[Opening SUPPLIED DATA section]
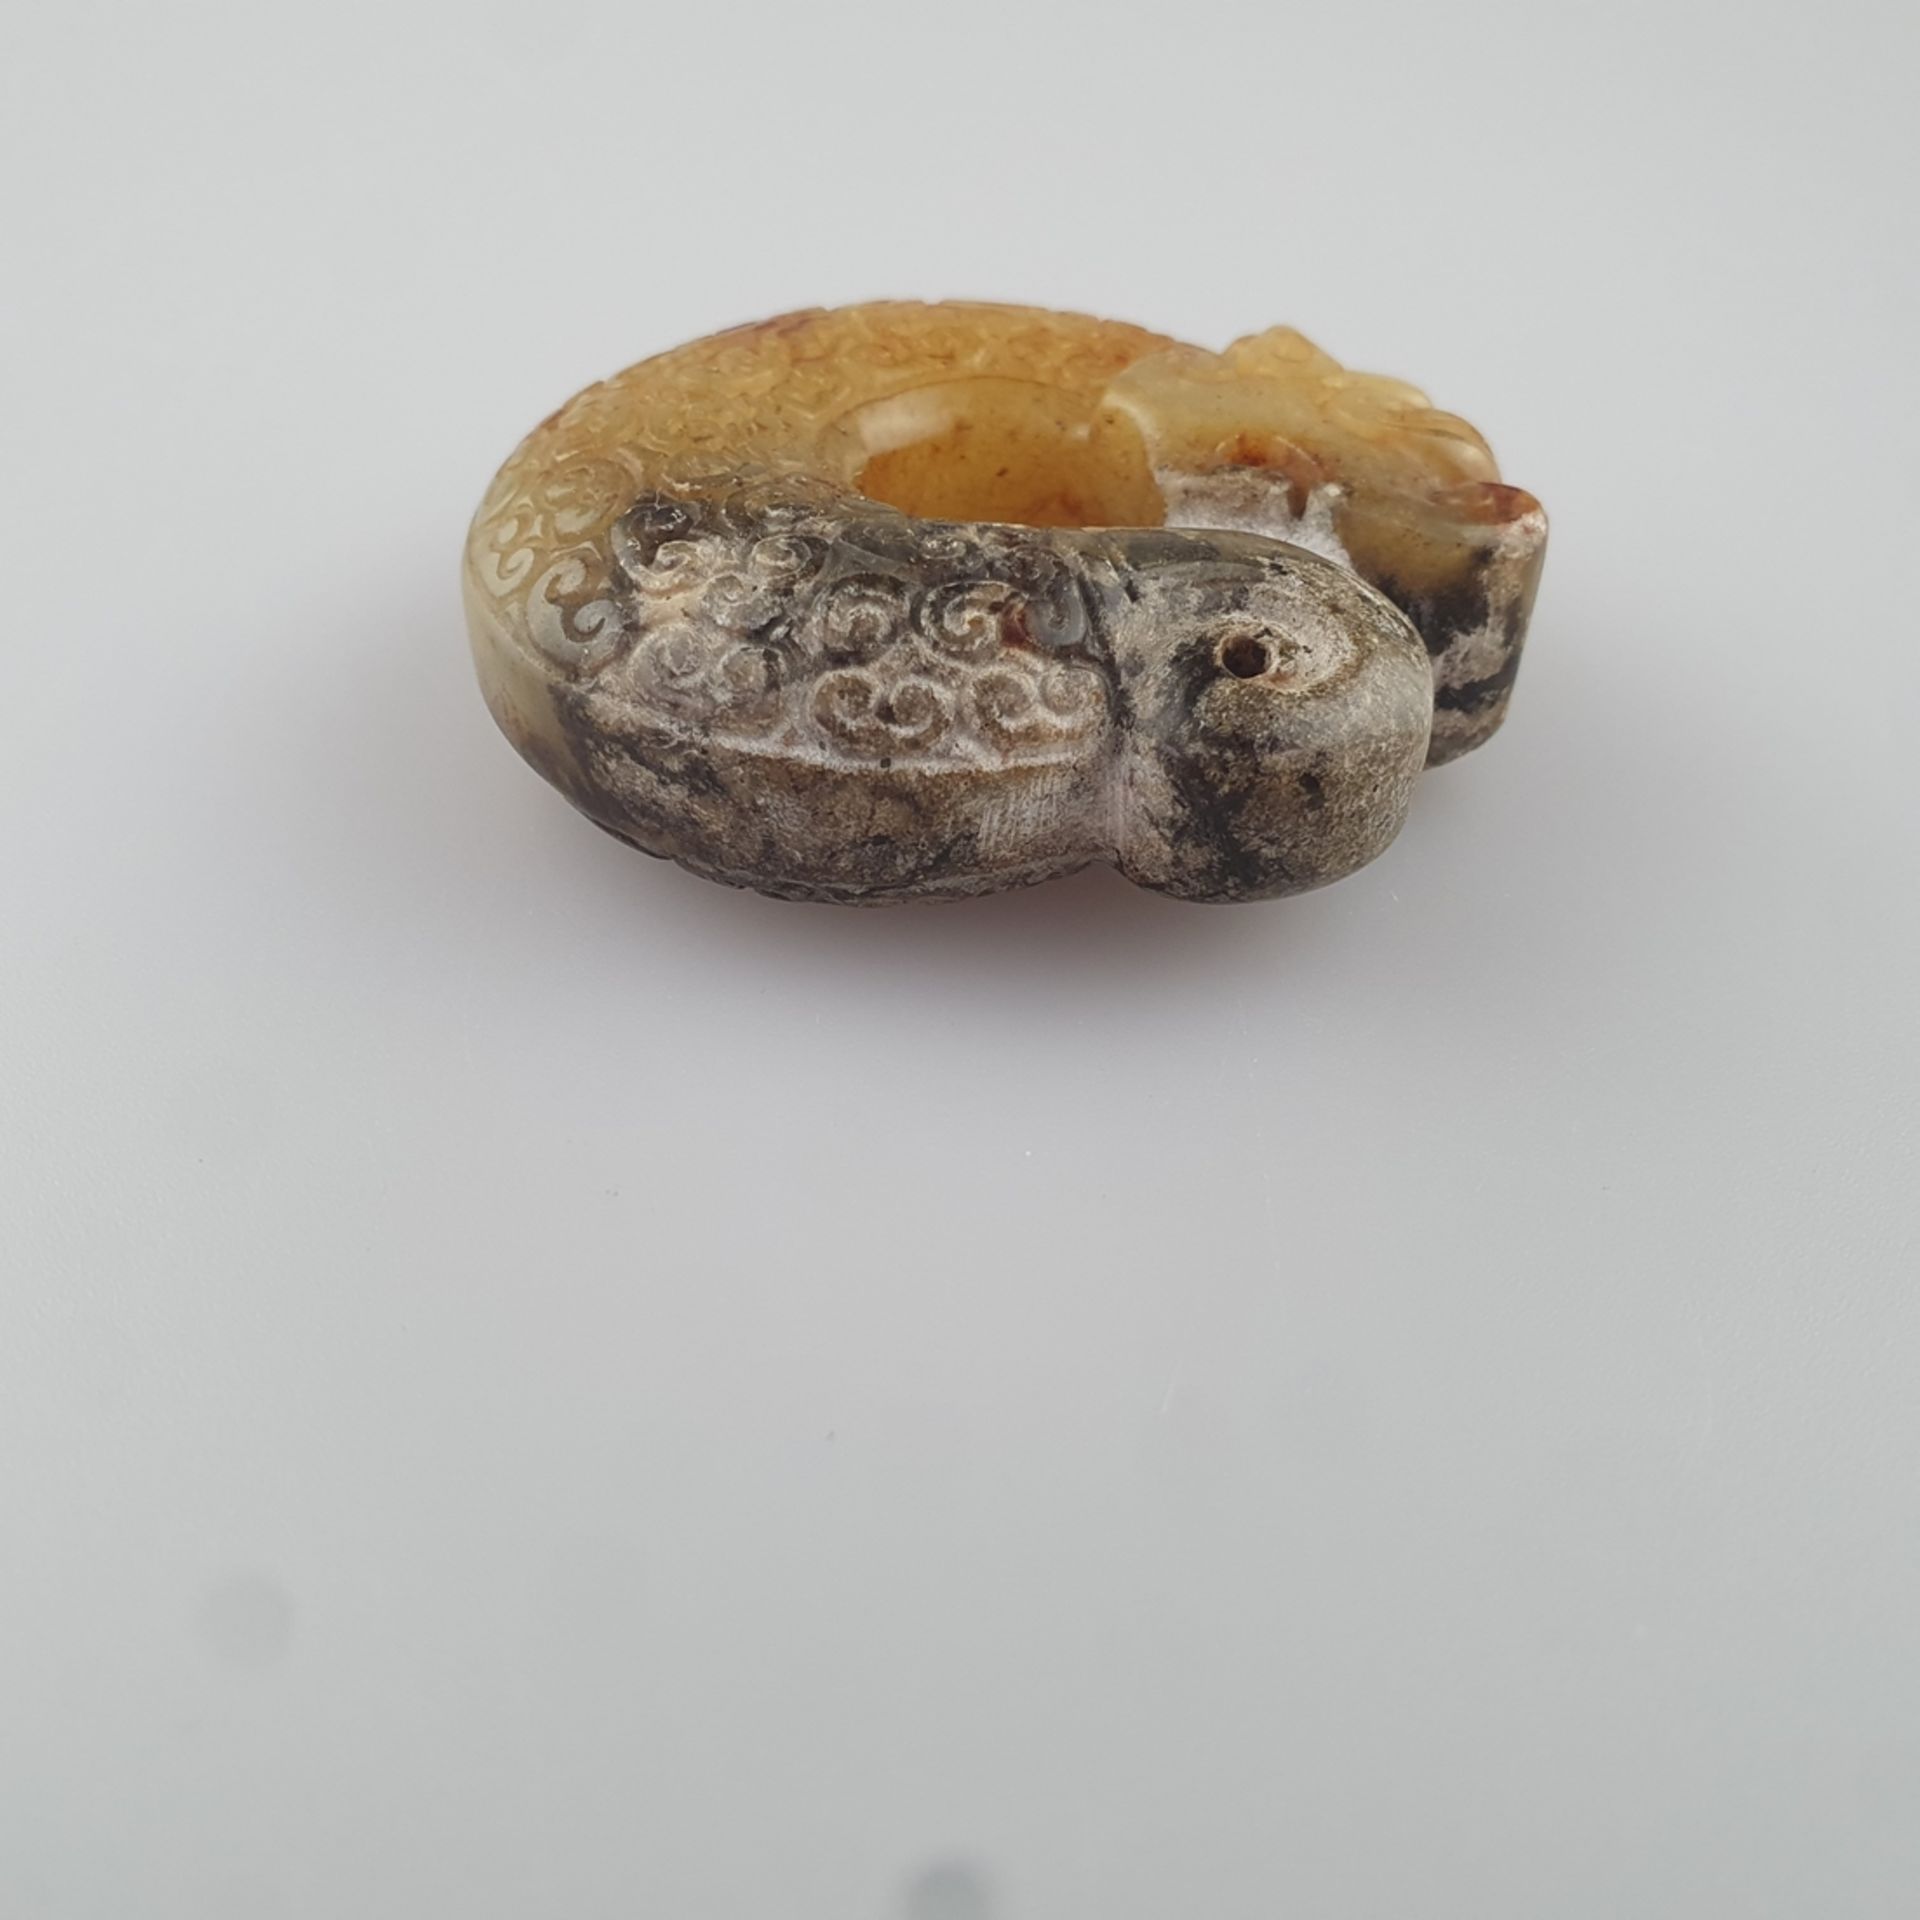 Zhulong ("Schweinsdrache") - China, braun-gelbe Jade, teils kalzifiziert, im Stil der neolithischen - Bild 2 aus 6
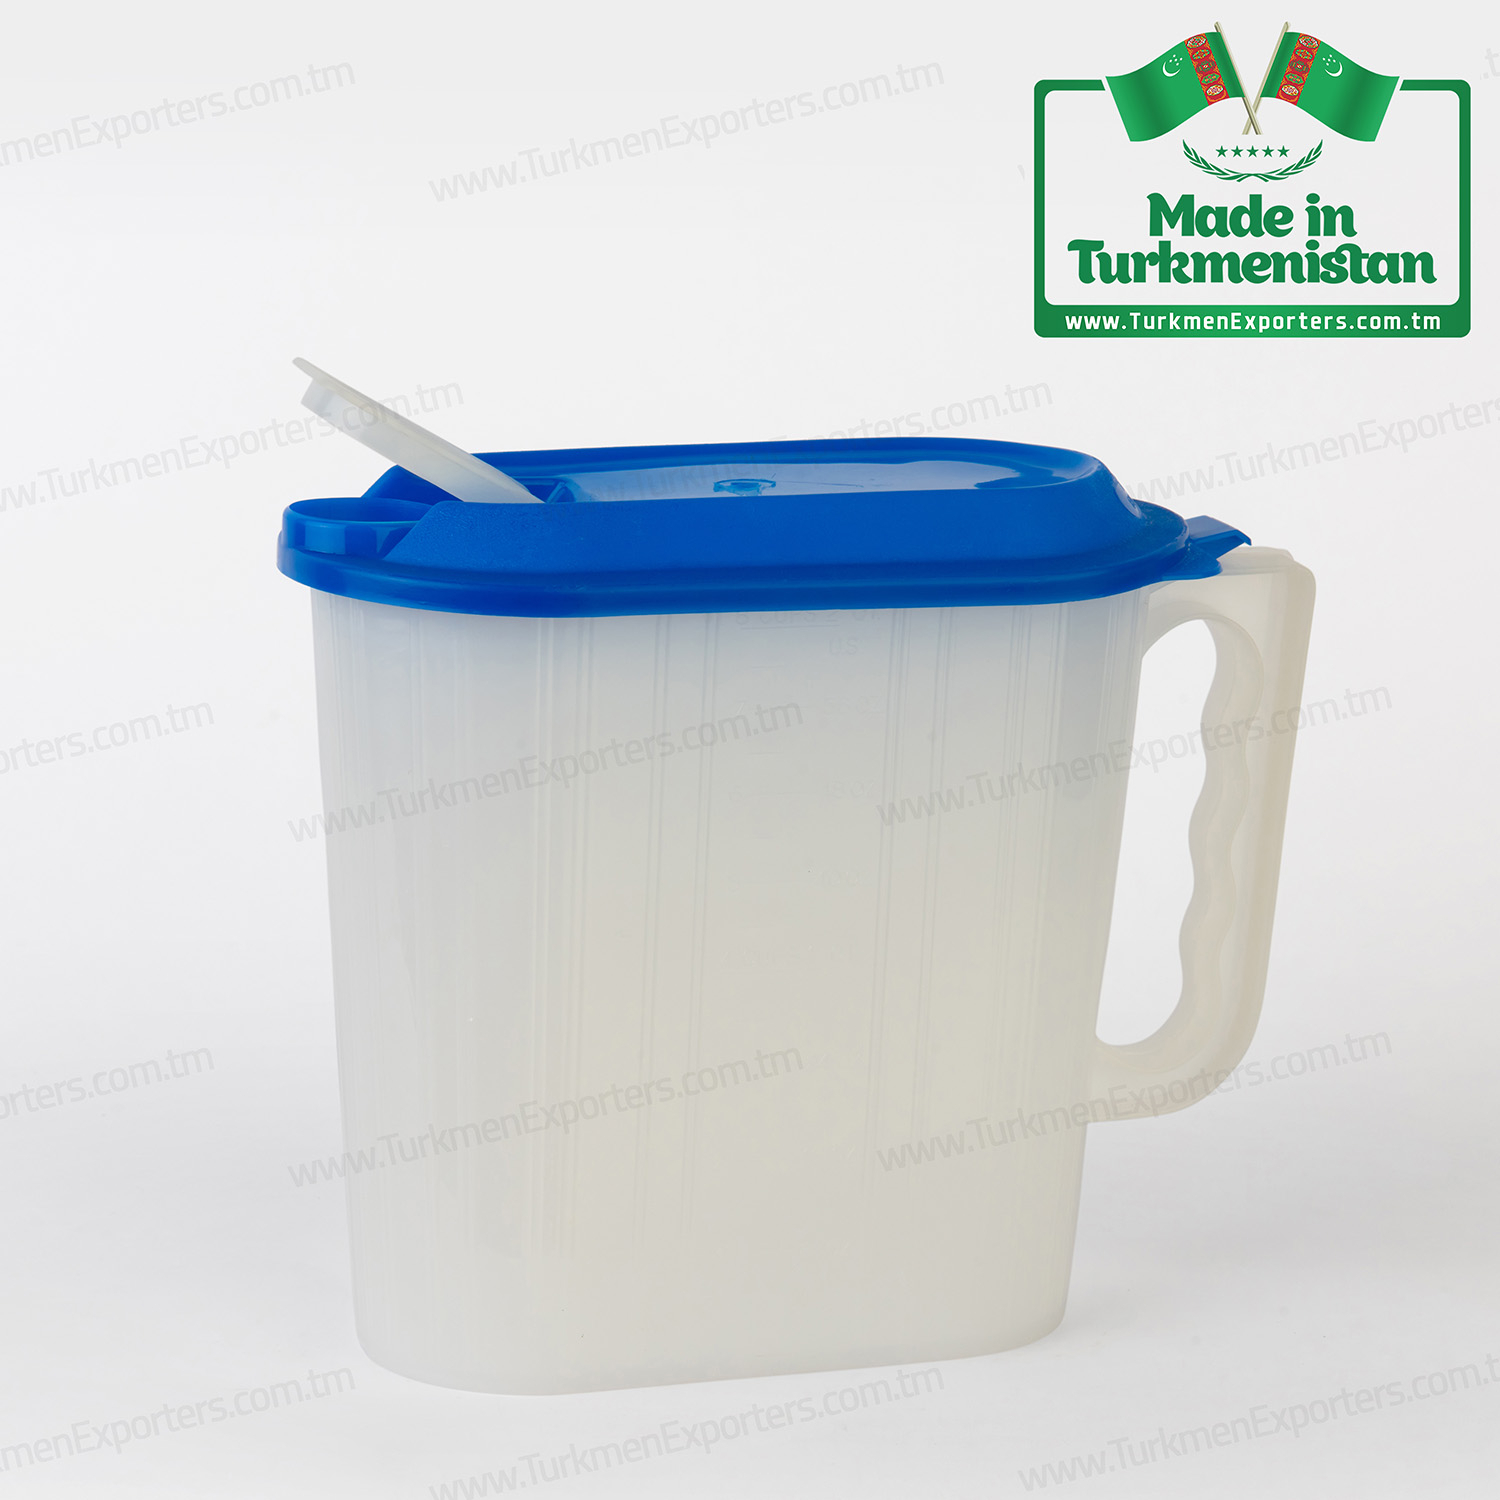 Plastic water jug Made in Turkmenistan | Kuwwatly Turkmen individual enterprise
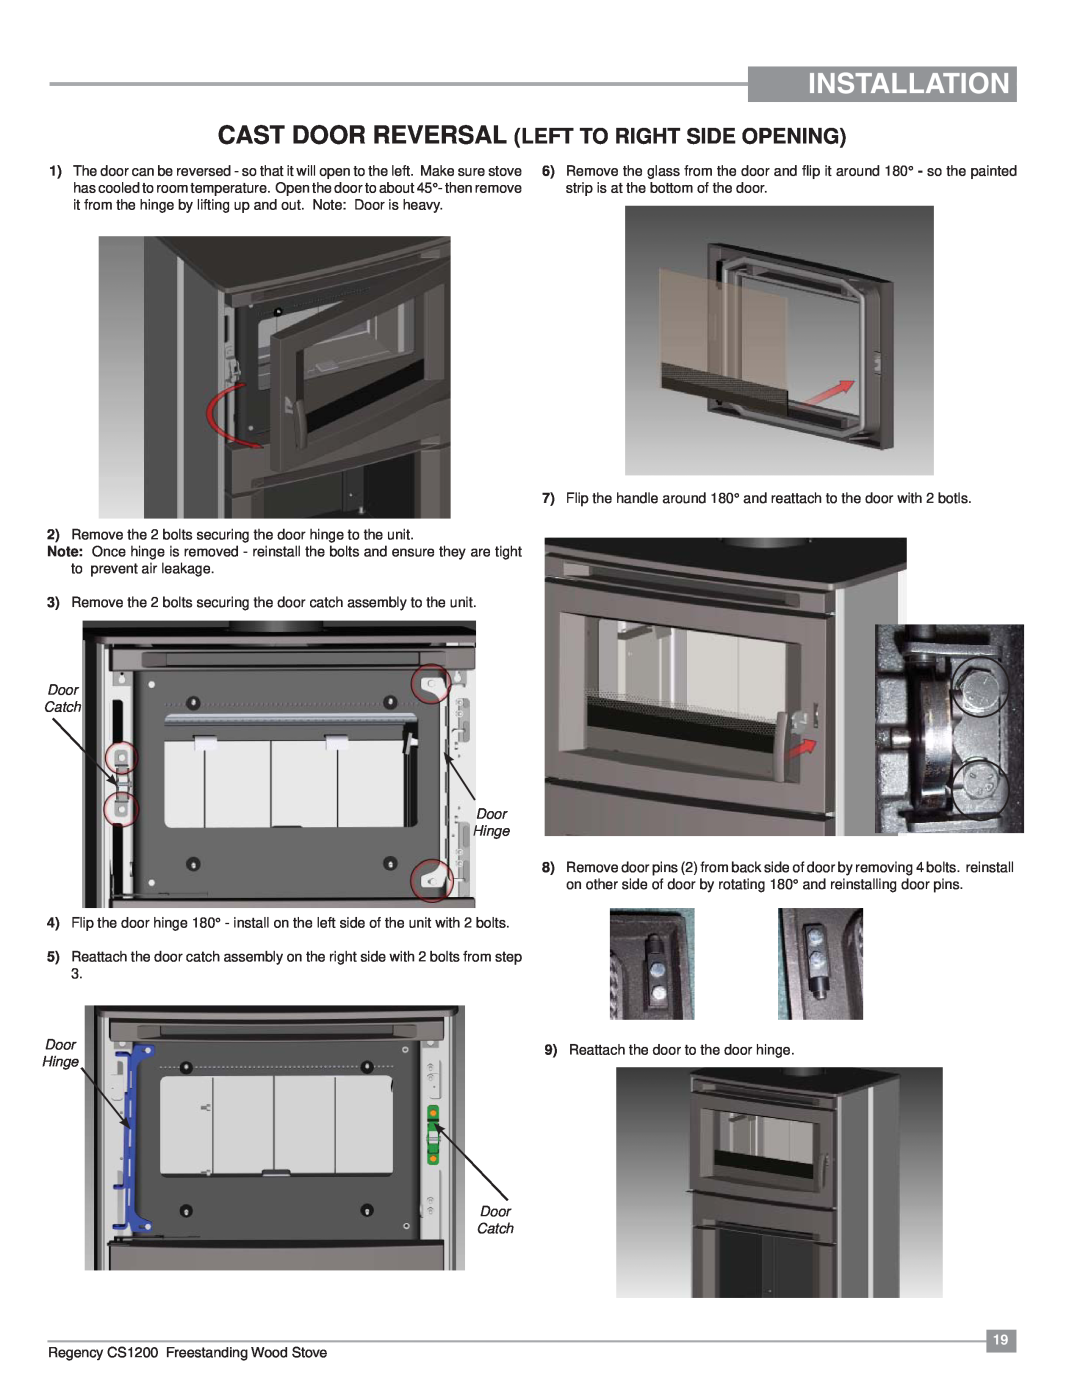 Regency CS1200 installation manual Installation, Cast Door Reversal Left To Right Side Opening, Door Catch Door Hinge
[Closing SUPPLIED DATA section]
_INSTRUCTIONS TO FOLLOW_
Once the pictures are set aside, output all of the data above verbatim.

_COMPLETED EXERCISE_
 Zhulong ("Schweinsdrache") - China, braun-gelbe Jade, teils kalzifiziert, im Stil der neolithischen - Bild 2 aus 6
 Plastic water jug Made in Turkmenistan | Kuwwatly Turkmen individual enterprise
 Regency CS1200 installation manual Installation, Cast Door Reversal Left To Right Side Opening, Door Catch Door Hinge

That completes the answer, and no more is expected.